Todos os dias antes de dormir,
Lembro e esqueço como foi o dia:
"Sempre em frente,
Não temos tempo a perder."
Nosso suor sagrado
É bem mais belo que esse sangue amargo
E tão sério
E selvagem.
Veja o sol dessa manha tão cinza:
A tempestade que chega é da cor dos teus olhos castanhos.
Então me abraça forte e me diz mais uma vez
Que já estamos distantes de tudo:
Temos nosso próprio tempo.
Não tenho medo do escuro, mas deixe as luzes acesas agora.
O que foi escondido é o que se escondeu
E o que foi prometido, ninguém prometeu.
Nem foi tempo perdido.
Somos tão jovens.
METRÓPOLE
Letra: Renato Russo
Música: Dado Villa-Lobos/Renato Russo/Renato Rocha/ Marcelo Bonfá
"É sangue mesmo, não é mertiolate."
E todos querem ver
E comentar a novidade.
"É tão emocionante um acidente de verdade."
Estão todos satisfeitos
Com o sucesso do desastre:
"-Vai passar na televisão."
"Por gentileza, aguarde um momento.
Sem carteirinha, não tem atendimento
Carteira de trabalho assinada, sim senhor.

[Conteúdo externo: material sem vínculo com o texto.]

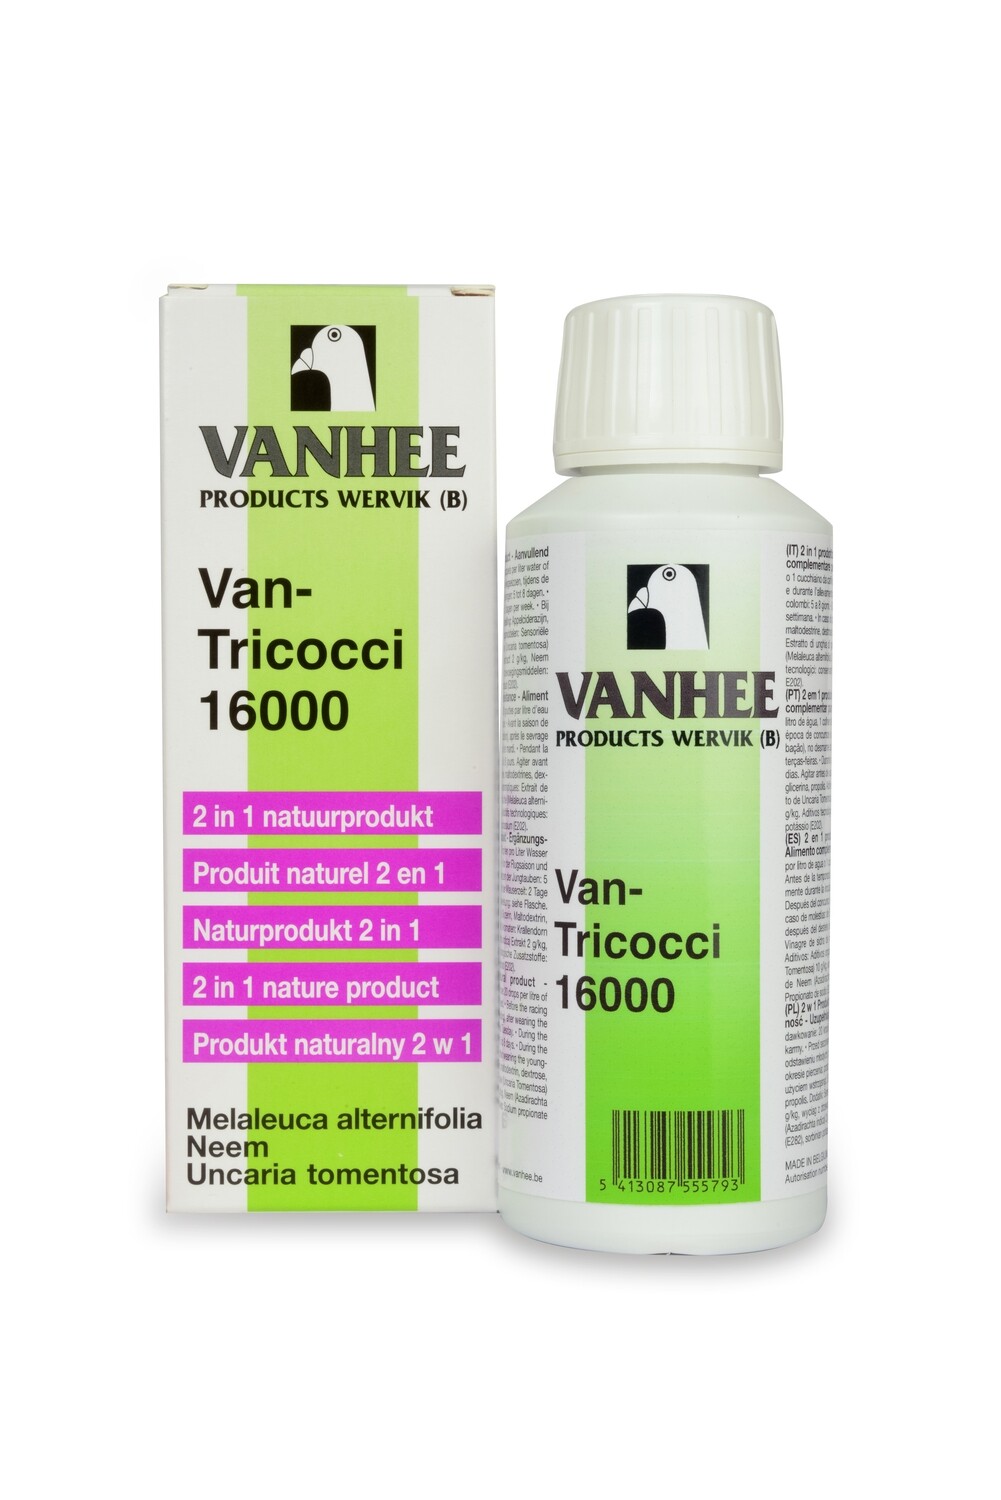 Van-Tricocci 16000

Olha o tumulto: façam fila por favor."
"-Todos com a documentação"
"-Quem não tem senha, não tem lugar marcado.
Eu sinto muito, mas já passa do horário.
Entendo seu problema mas não posso resolver:
É contra o regulamento, esta bem aqui, pode ver."
Ordens são ordens.
"-Em todo caso já temos sua ficha.
Só falta o recibo comprovando residência.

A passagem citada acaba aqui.